Your general point stands, but with corrections:

- sqrt actually can be a single instruction on x86_64 for example. Look at how musl implements it, it's just a single line inline asm statement, `__asm__ ("sqrtsd %1, %0" : "=x"(x) : "x"(x));`: https://github.com/ifduyue/musl/blob/master/src/math/x86_64/... Of course, not every x64_64 impl must use that instruction, and not every architecture must match Intel's implementation. I've never looked into it, but wouldn't be surprised if even Intel and AMD have some differences.
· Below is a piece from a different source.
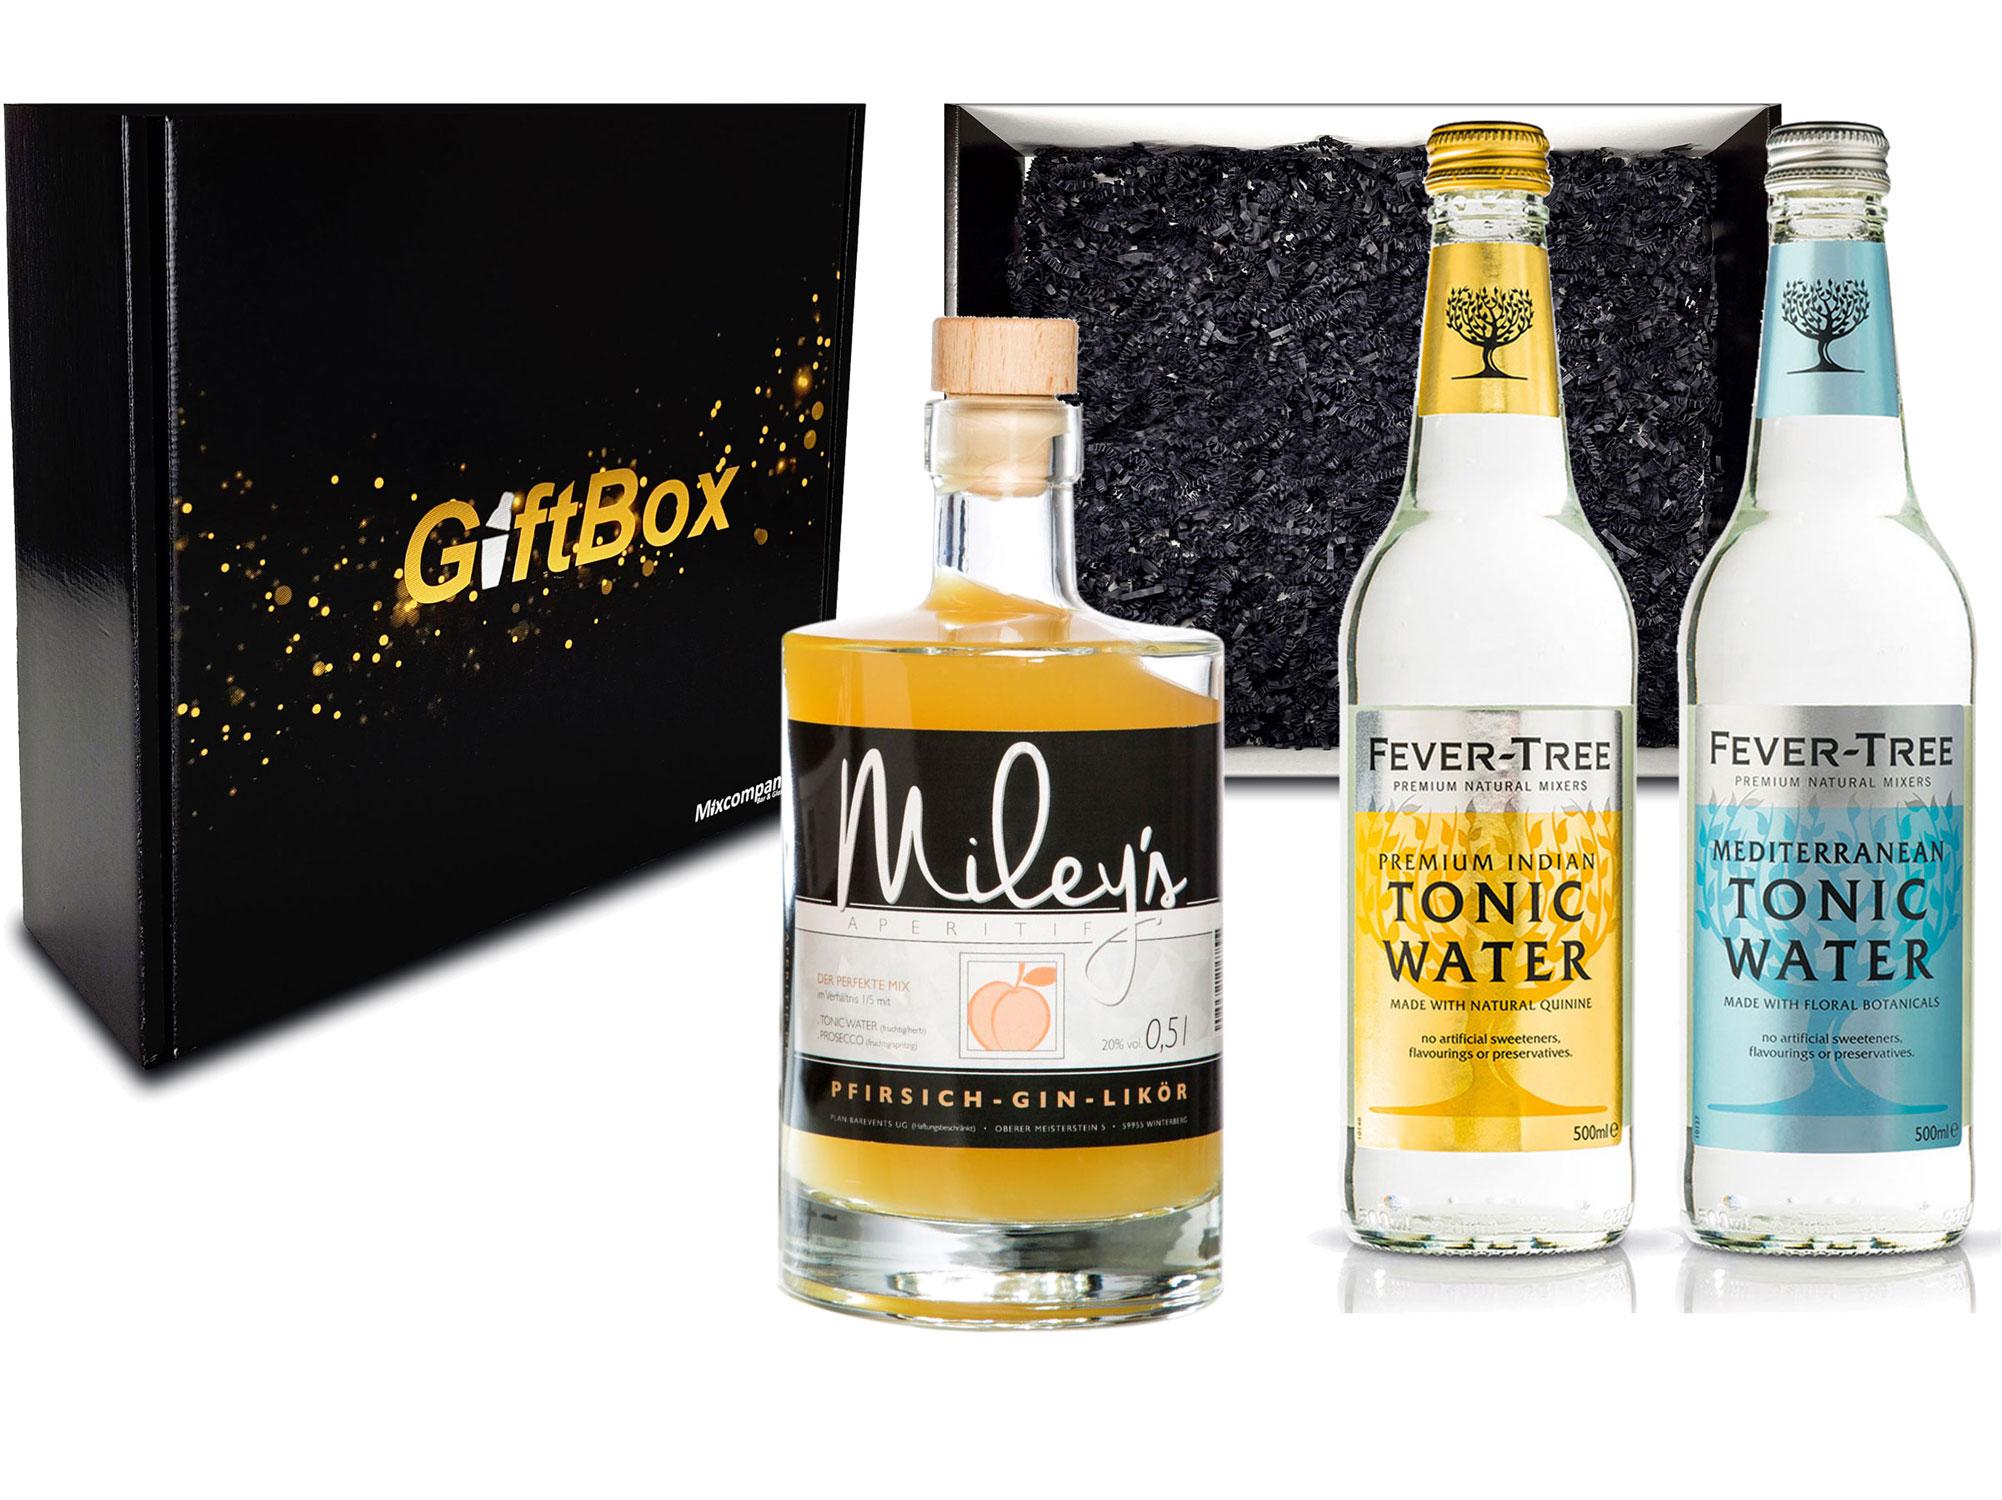 Gin Tonic Giftbox Geschenkset - Mileys Pfirsich Gin Likör 0,5l (20% Vol) + 2x Fever Tree Tonic Water Mix je 200ml inkl. Pfand MEHRWEG - [Enthält Sulfite]

- operator precedence is well-defined, and IEE754 compliant compilation modes respect the non-associativity. In most popular compilers, you need to pass specific flags to allow the compiler to change the associativity of operations (-ffast-math implies -funsafe-math-optimizations which implies -fassociative-math which actually breaks strict adherence to the program text). A somewhat similar issue does arise with floating point environment though, as statements may be reordered, function arguments order of evaluation may differ, etc.

The fact that compilers respect the non-associativity of program text is a huge reason why compilers are very limited in how much auto-vectorization they will do for floating point. The classic example is a sum of squares, where it bars itself from even loop unrolling, never mind SIMD with FMADDs. To do any of that, you have to fiddle with compiler options that are often problematic when enabled globally, or __attribute__((optimize("...")) or __pragma(optimize("...")), or probably best of all, explicitly vectorize using intrinsics.